Type out each record word for word. Pictures stay out.
----
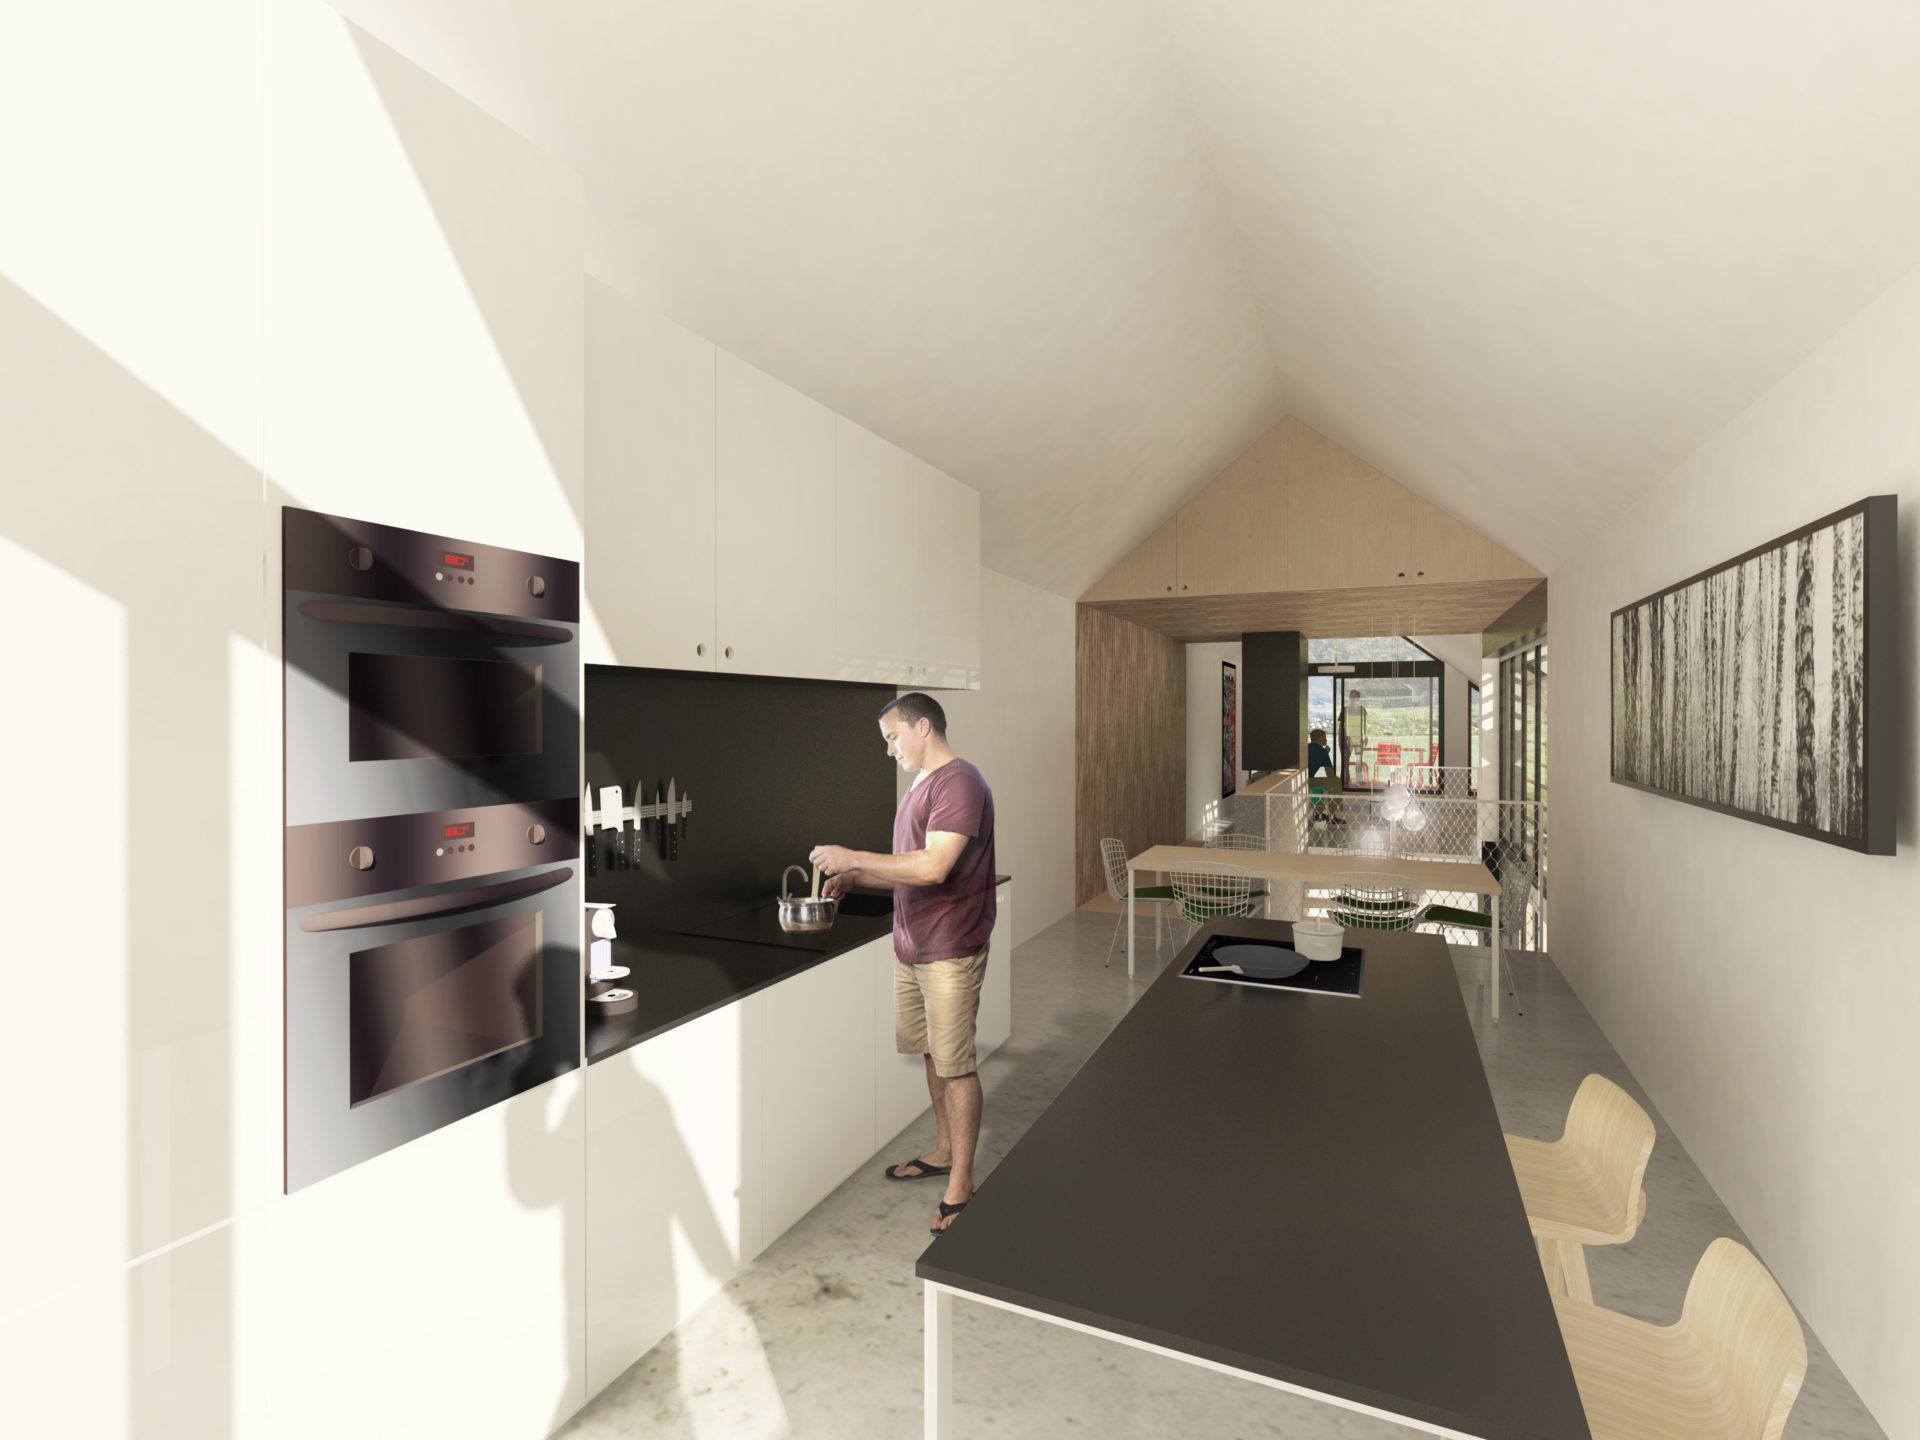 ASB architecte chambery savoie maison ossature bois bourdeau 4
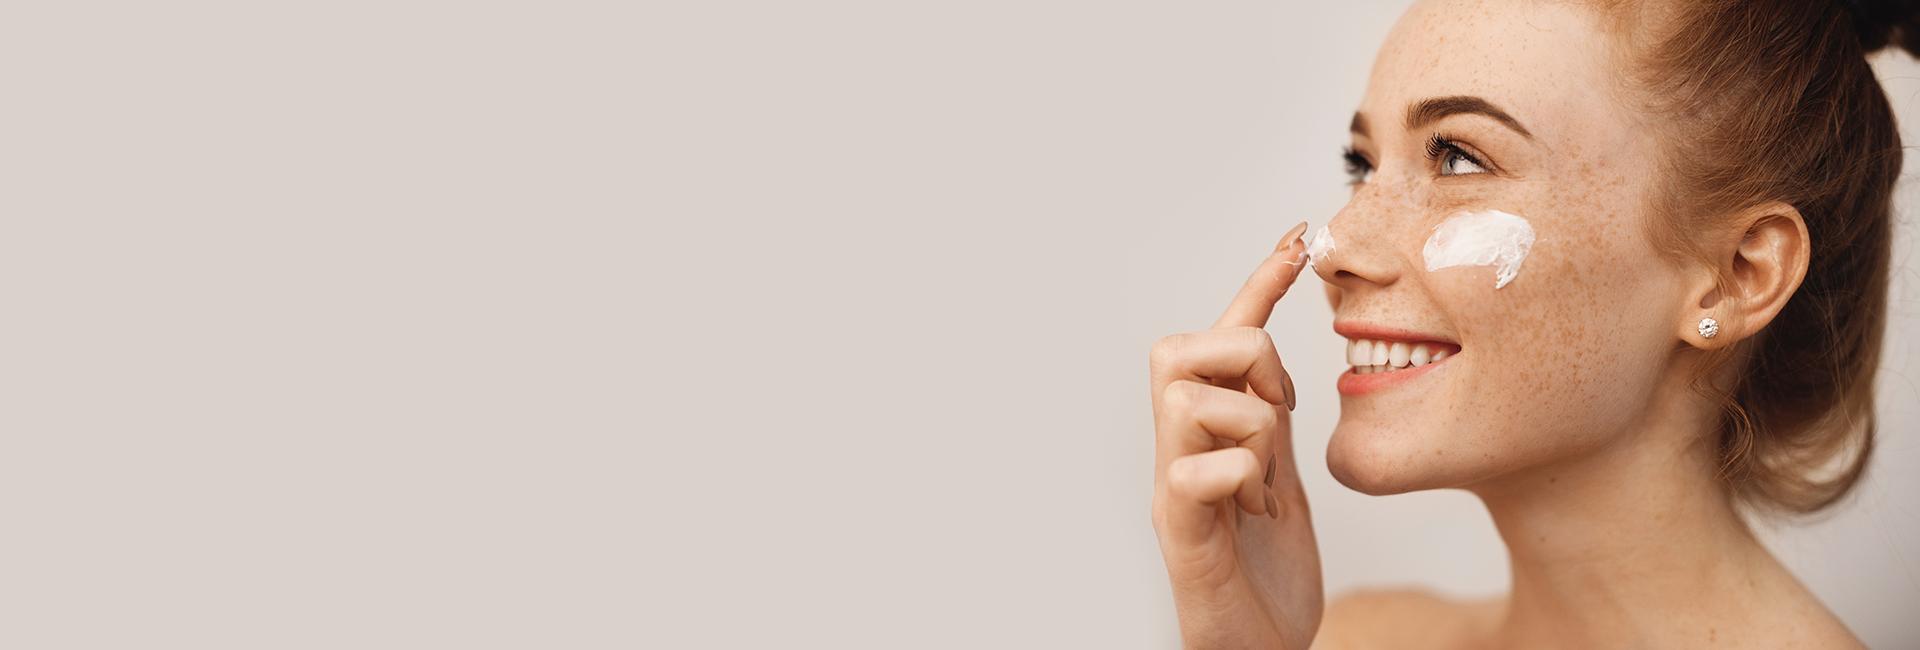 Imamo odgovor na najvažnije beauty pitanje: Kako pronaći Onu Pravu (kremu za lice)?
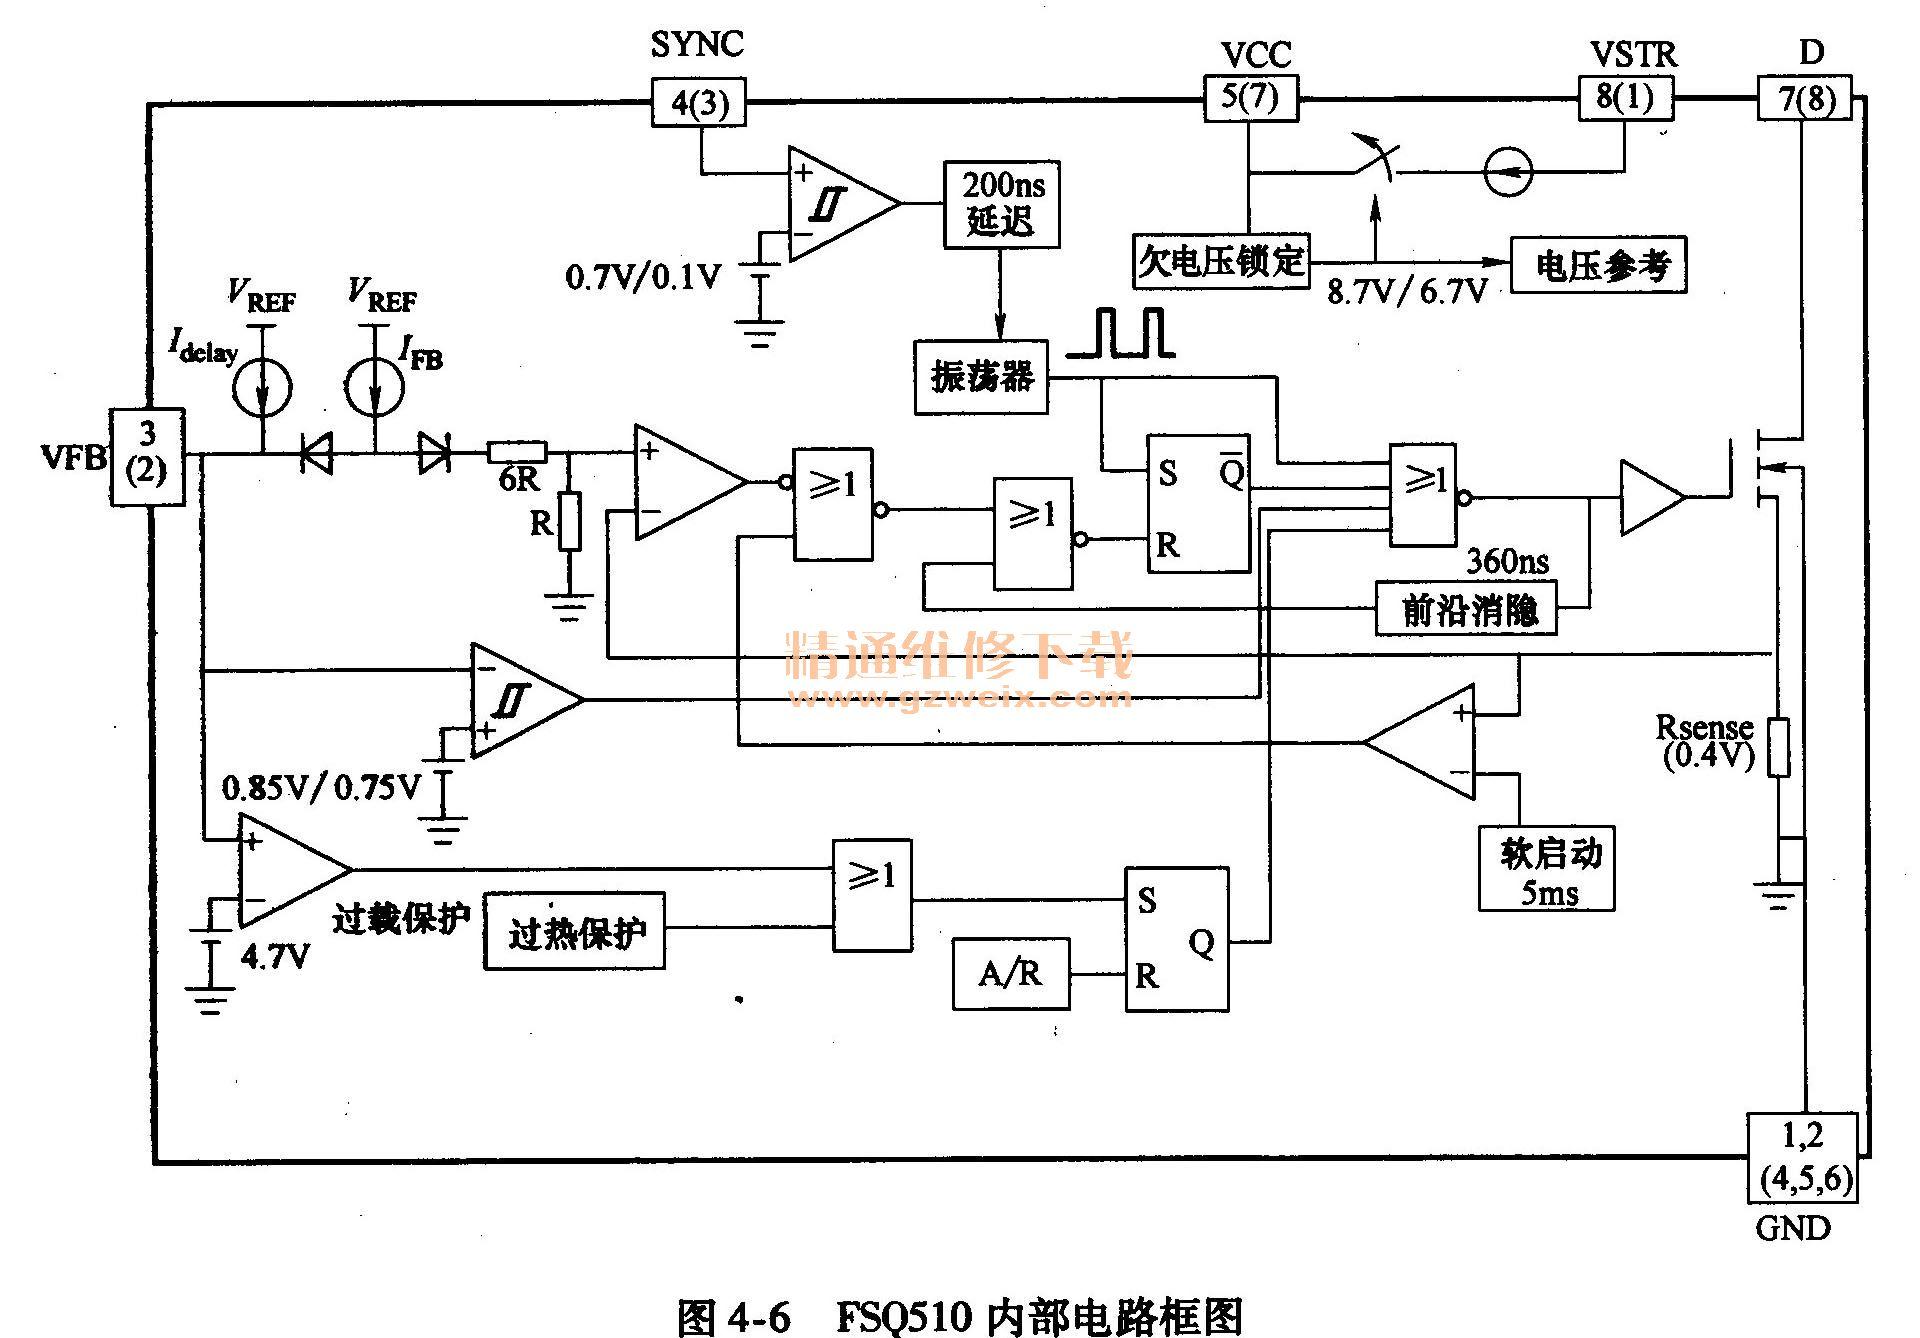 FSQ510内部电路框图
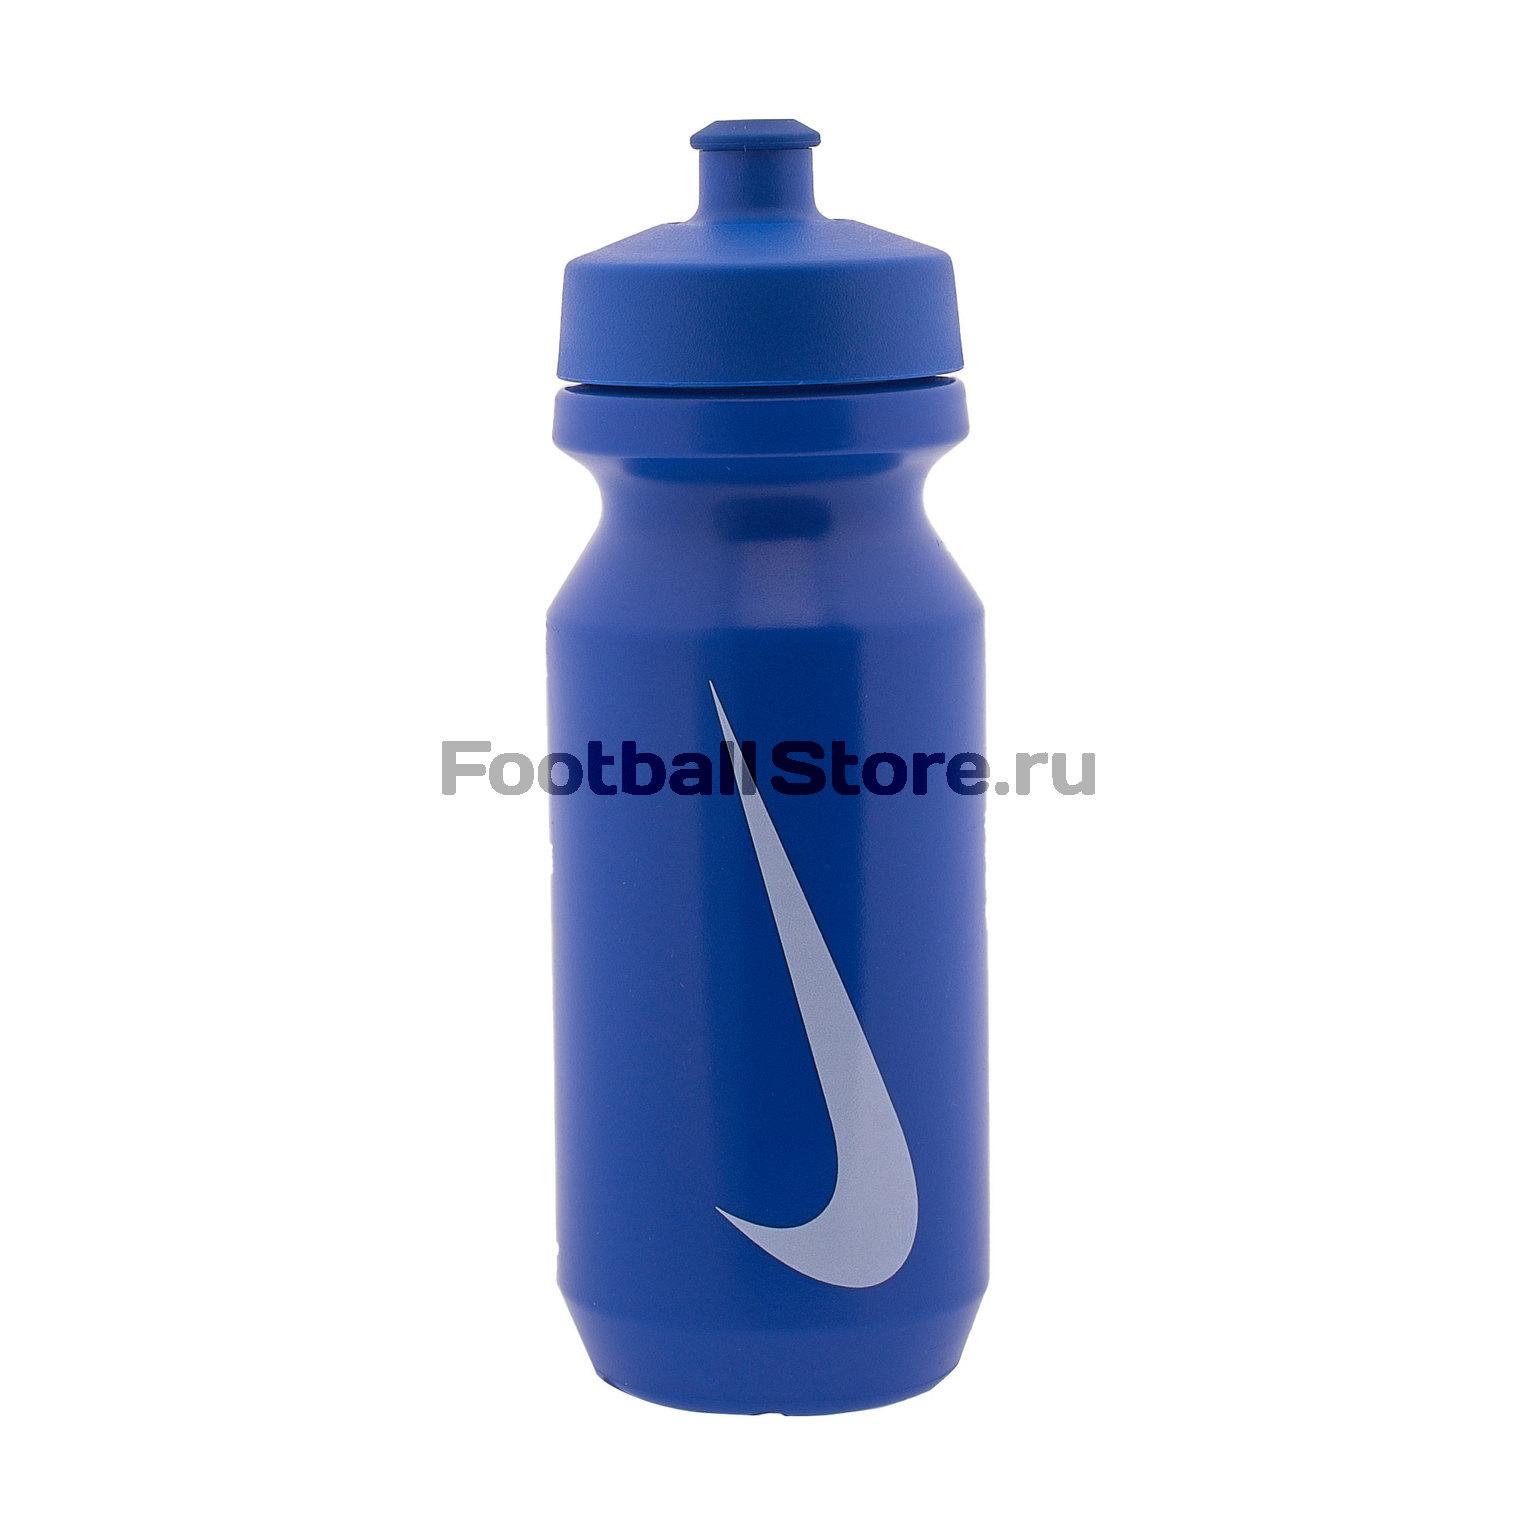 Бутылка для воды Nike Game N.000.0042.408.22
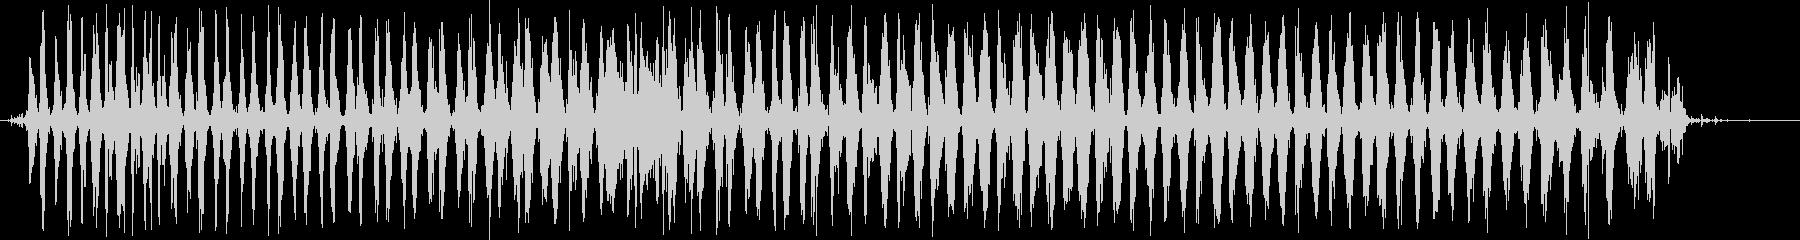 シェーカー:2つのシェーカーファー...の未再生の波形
----
* [REPLY TO THE EXERCISE]
 ASB architecte chambery savoie maison ossature bois bourdeau 4
 Imamo odgovor na najvažnije beauty pitanje: Kako pronaći Onu Pravu (kremu za lice)?
 FSQ510内部电路框图
 Бутылка для воды Nike Game N.000.0042.408.22
 シェーカー:2つのシェーカーファー...の未再生の波形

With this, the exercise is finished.